Available data:
'''

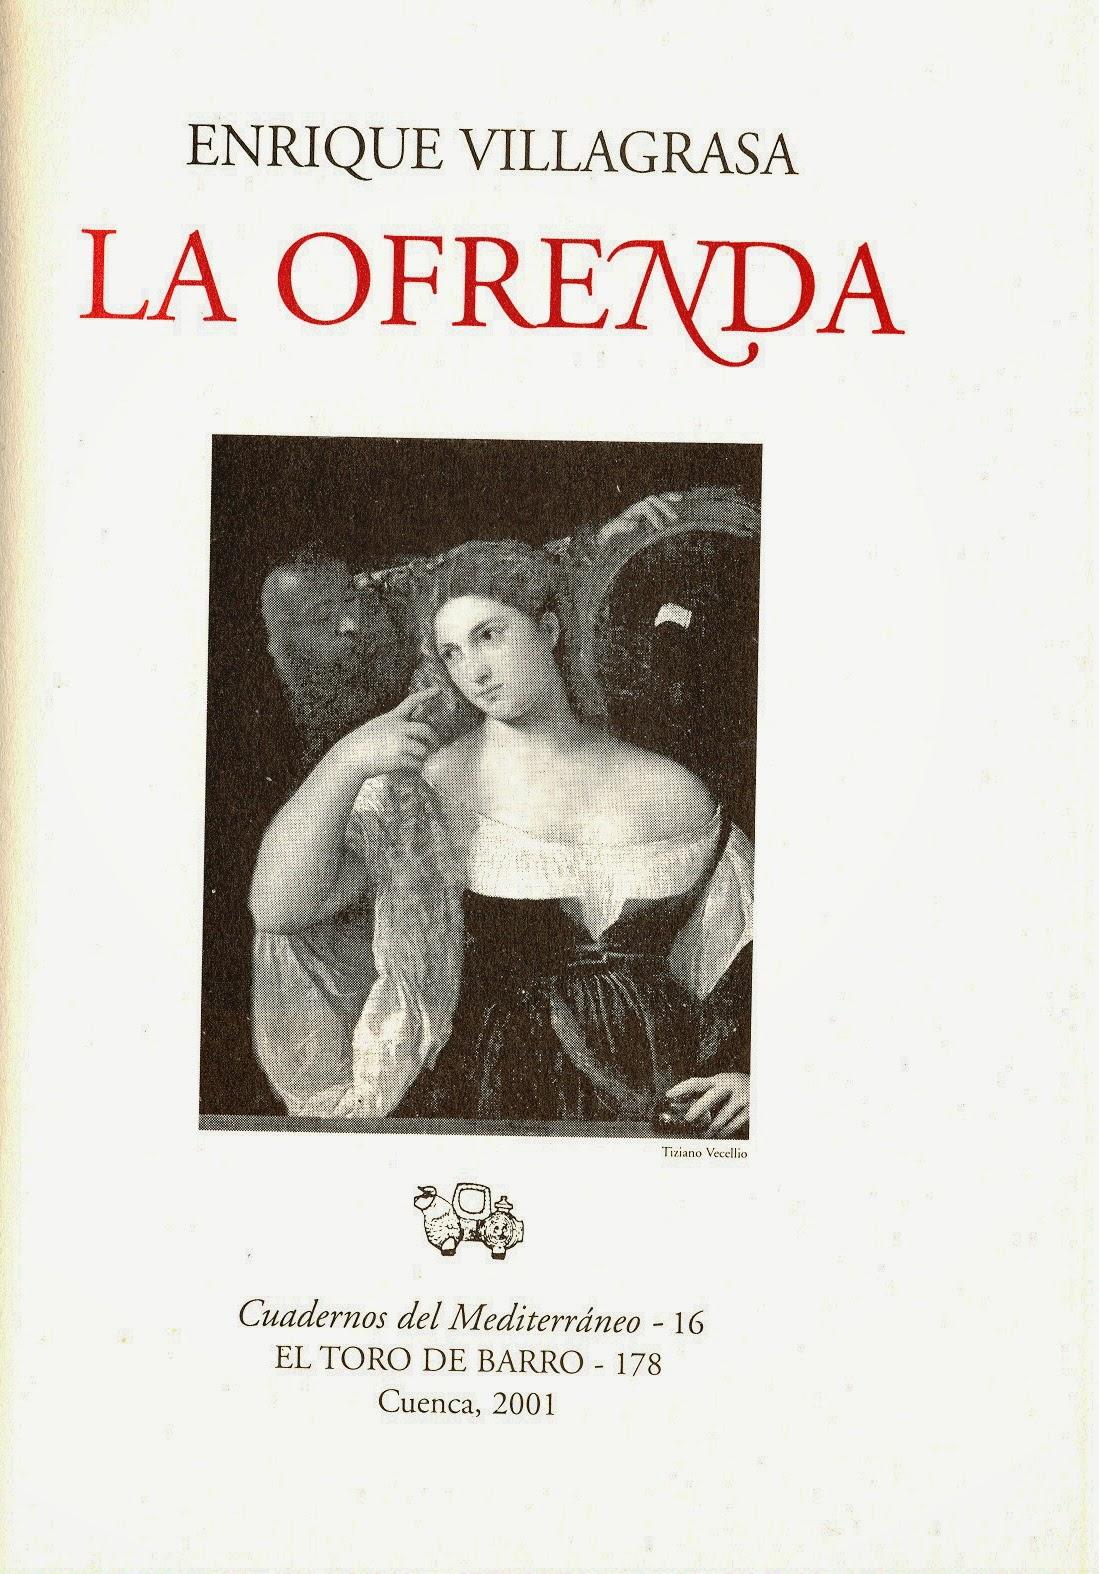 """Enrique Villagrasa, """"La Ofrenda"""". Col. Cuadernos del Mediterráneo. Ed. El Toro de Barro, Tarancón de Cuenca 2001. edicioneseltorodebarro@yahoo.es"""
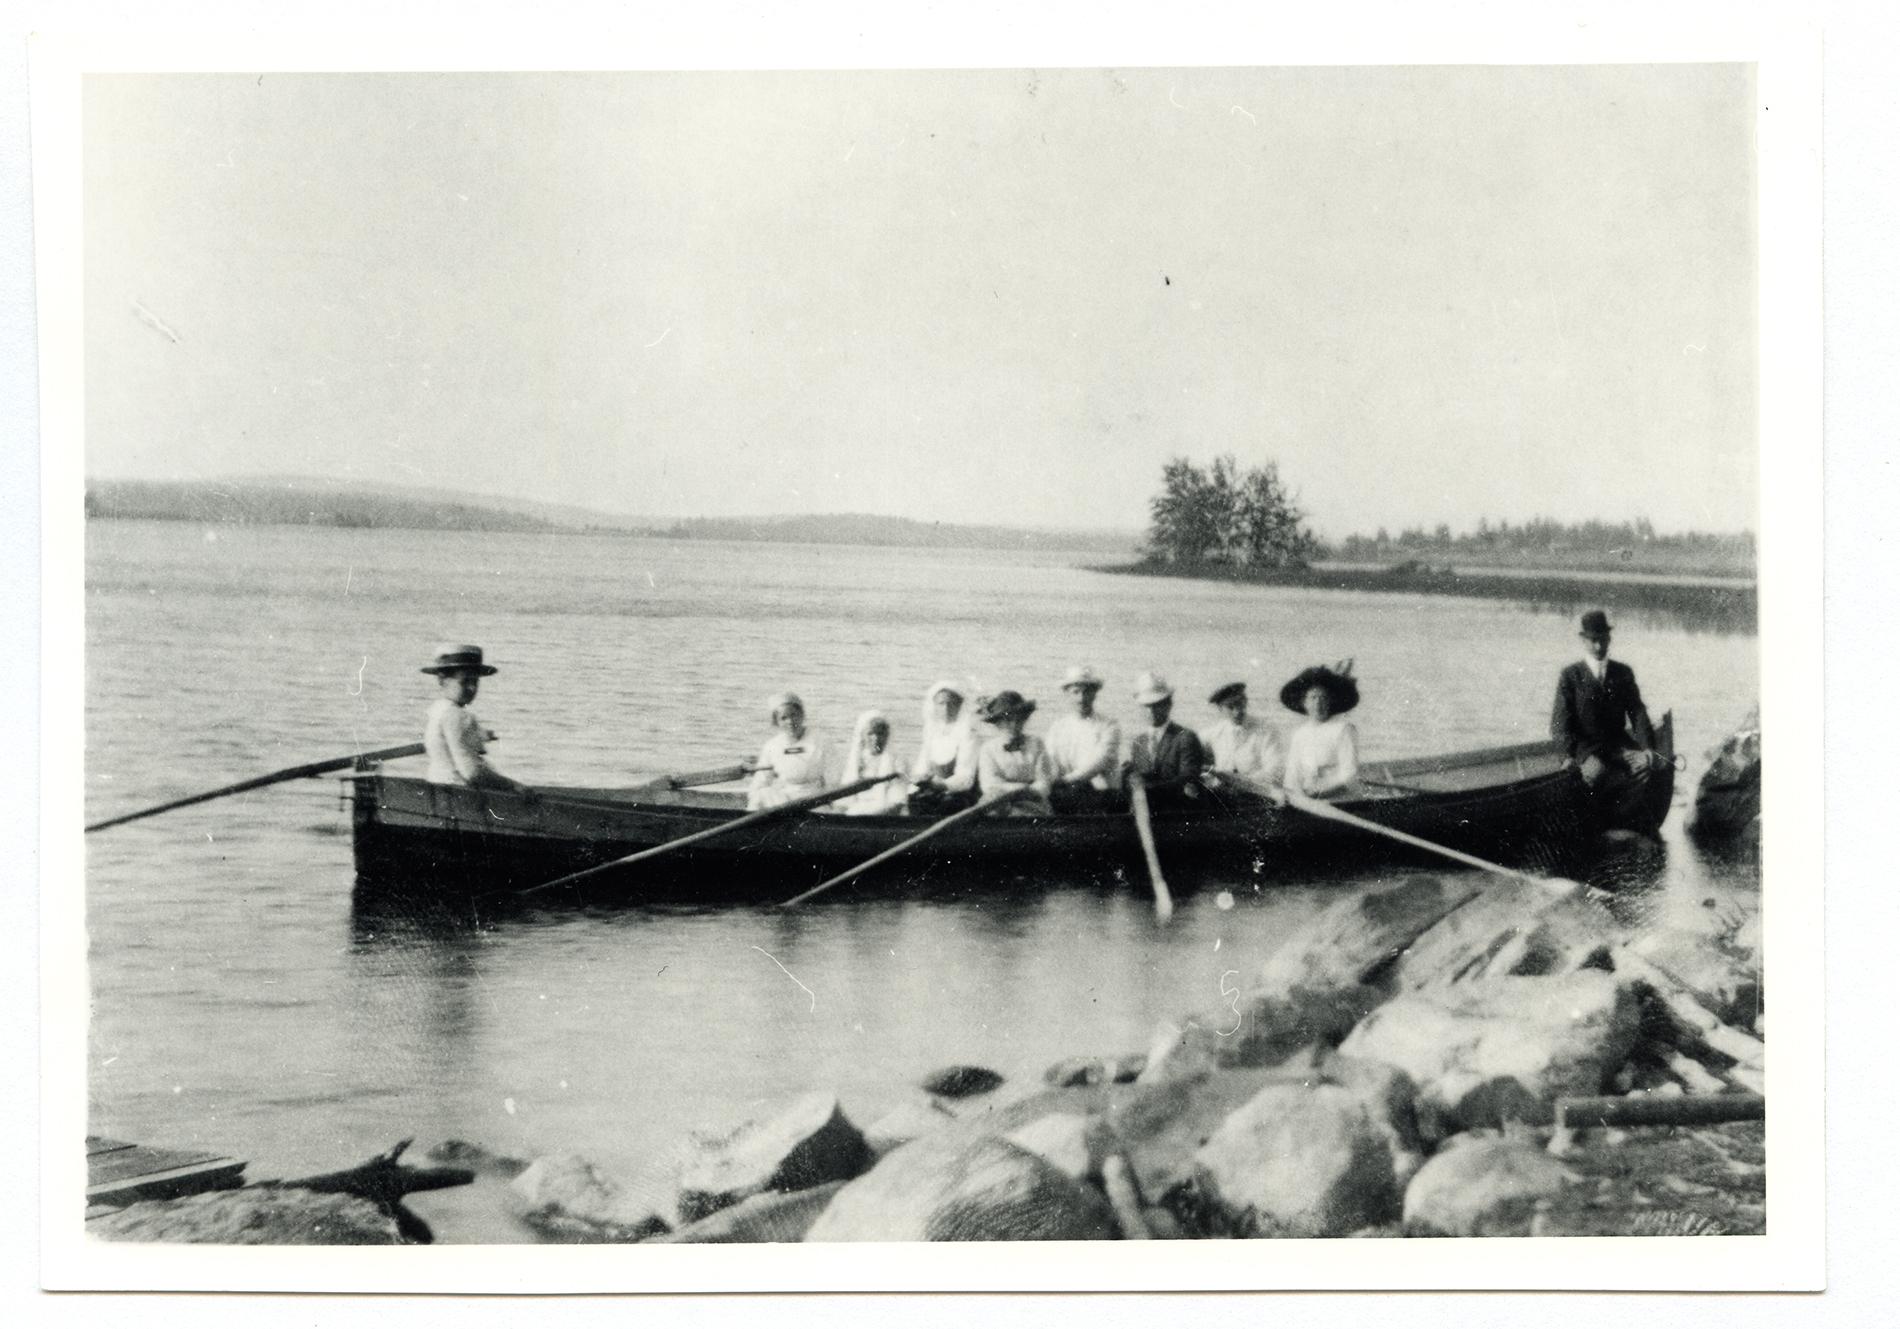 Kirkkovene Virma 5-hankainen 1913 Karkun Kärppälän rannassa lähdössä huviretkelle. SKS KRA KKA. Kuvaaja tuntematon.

'''
'''

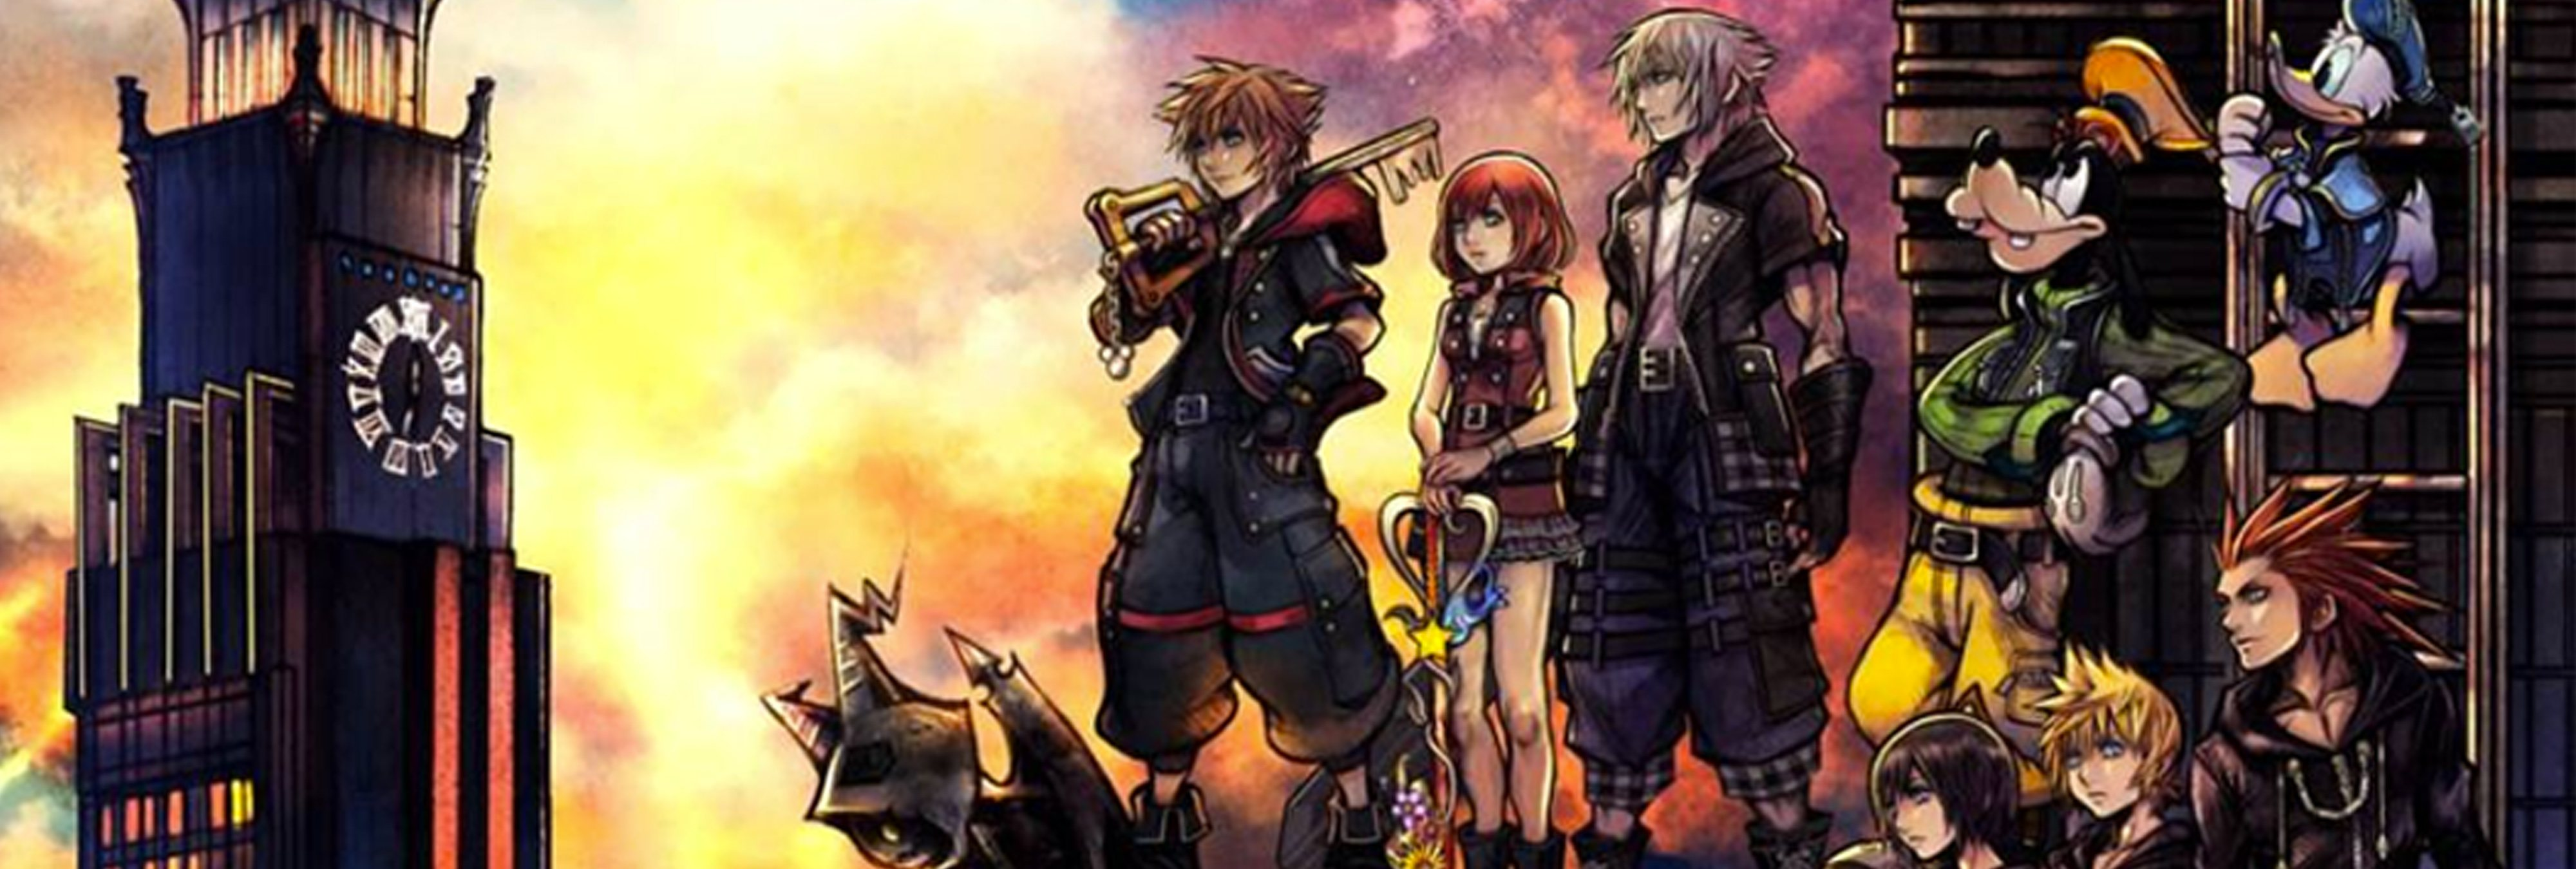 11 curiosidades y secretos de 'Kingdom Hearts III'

'''
'''

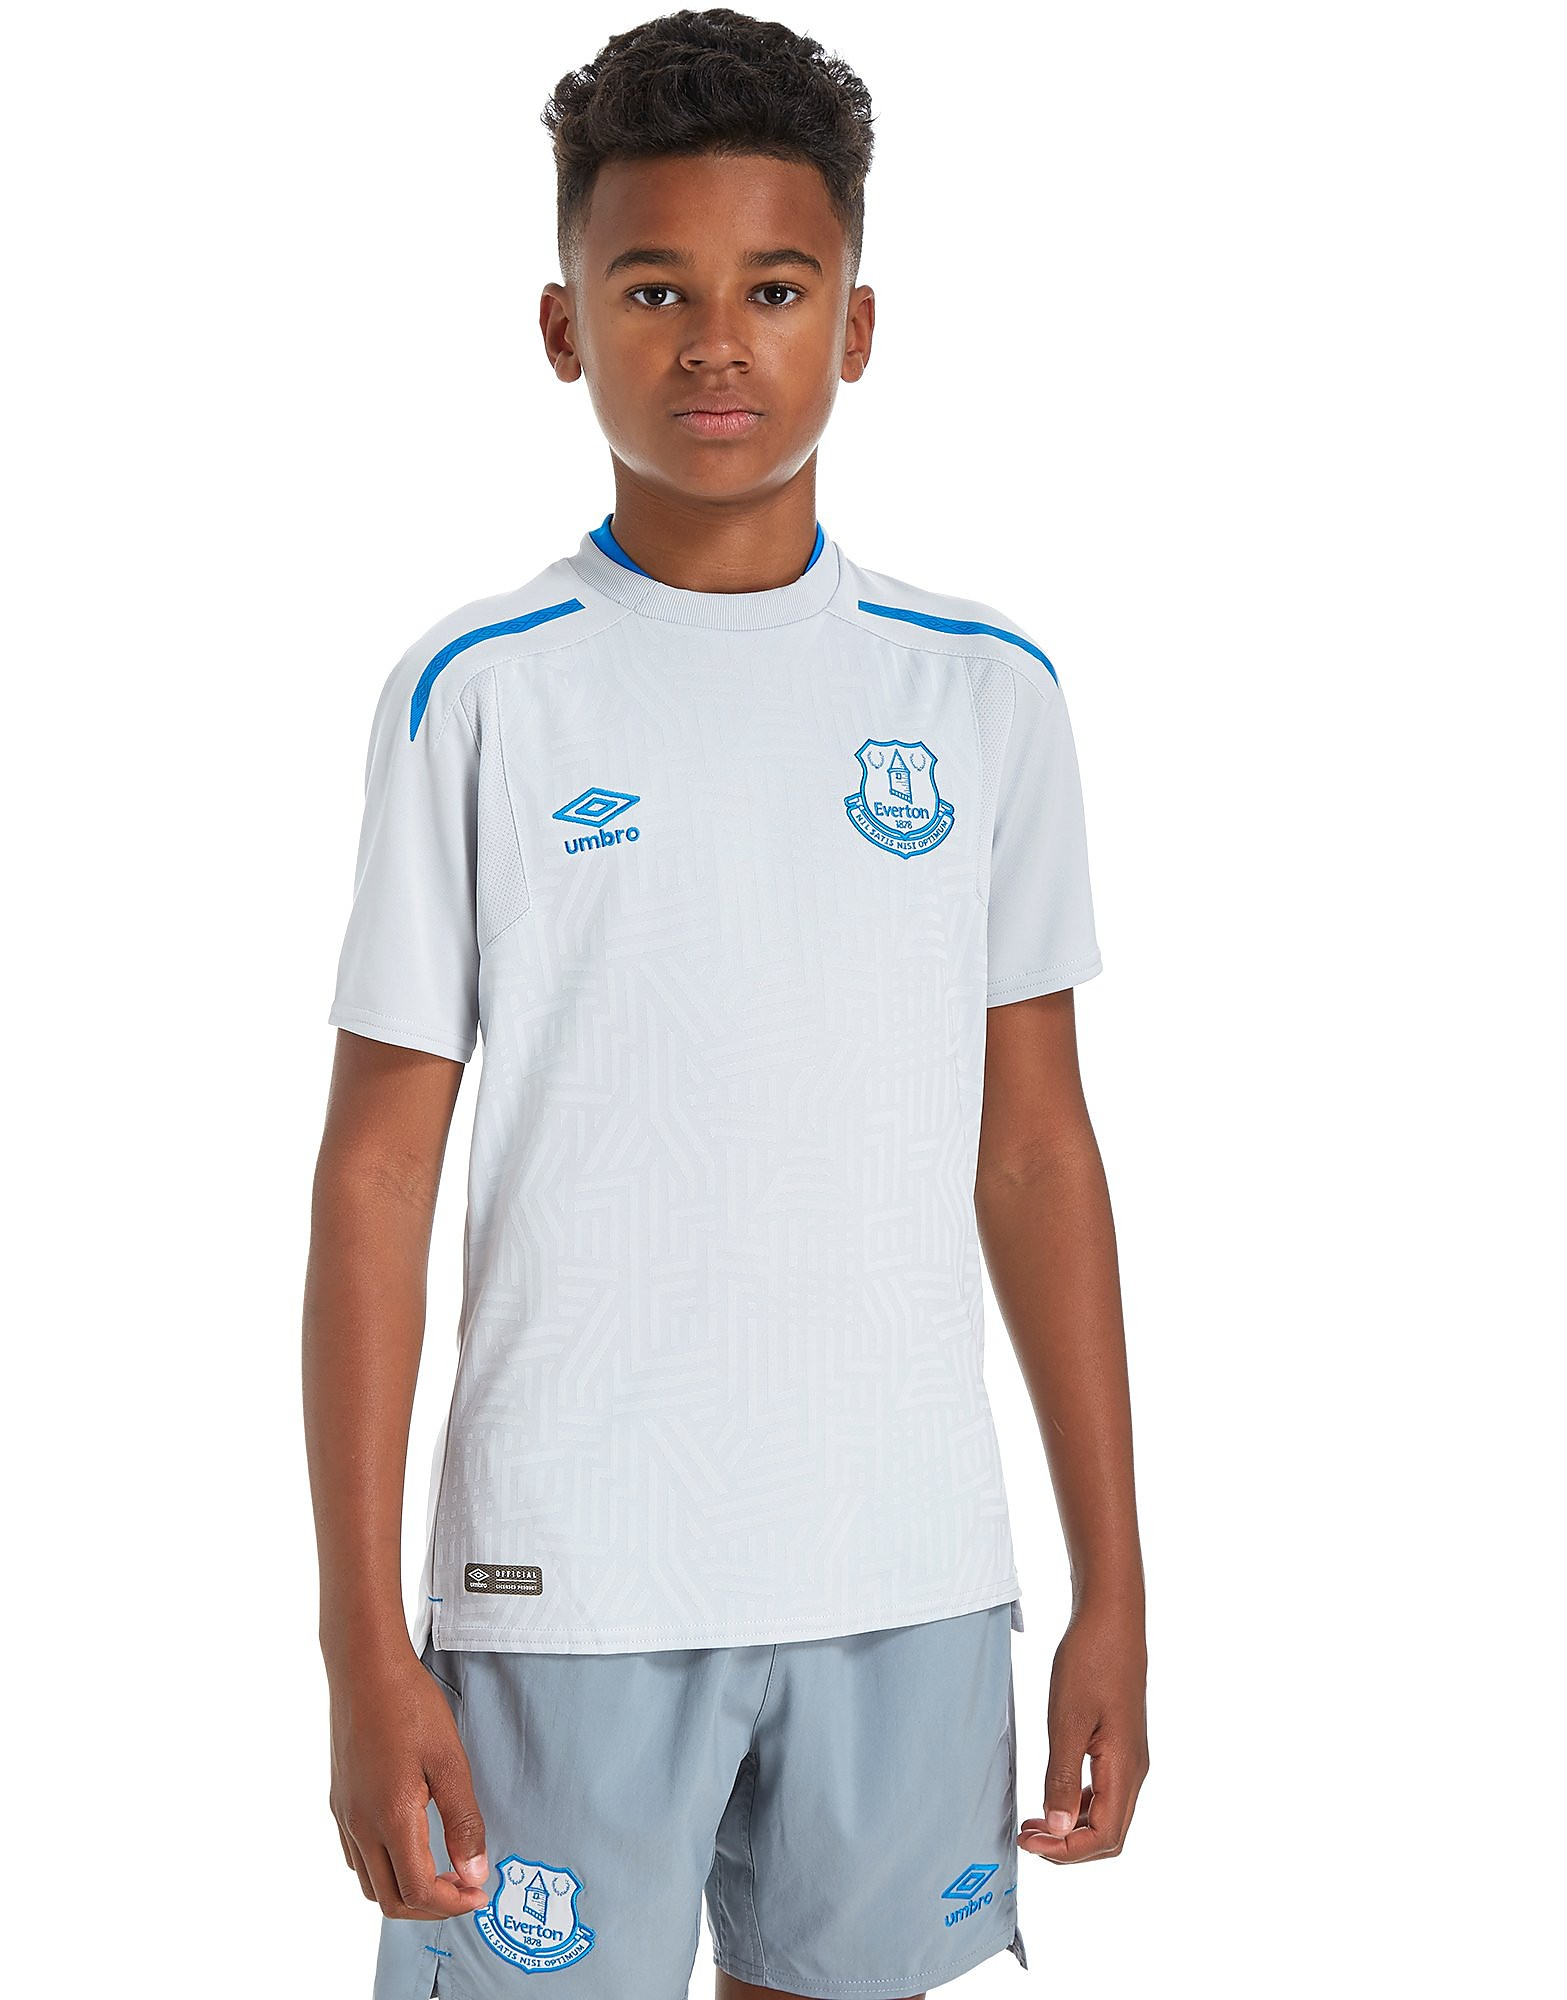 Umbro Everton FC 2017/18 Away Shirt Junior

'''

Would you output the lines above from the line holding "Col. Cuadernos del" up to and including the line holding "Kirkkovene Virma 5-hankainen", exactly and only those, with no pictures?

Your response:
 """Enrique Villagrasa, """"La Ofrenda"""". Col. Cuadernos del Mediterráneo. Ed. El Toro de Barro, Tarancón de Cuenca 2001. edicioneseltorodebarro@yahoo.es"""
 Kirkkovene Virma 5-hankainen 1913 Karkun Kärppälän rannassa lähdössä huviretkelle. SKS KRA KKA. Kuvaaja tuntematon.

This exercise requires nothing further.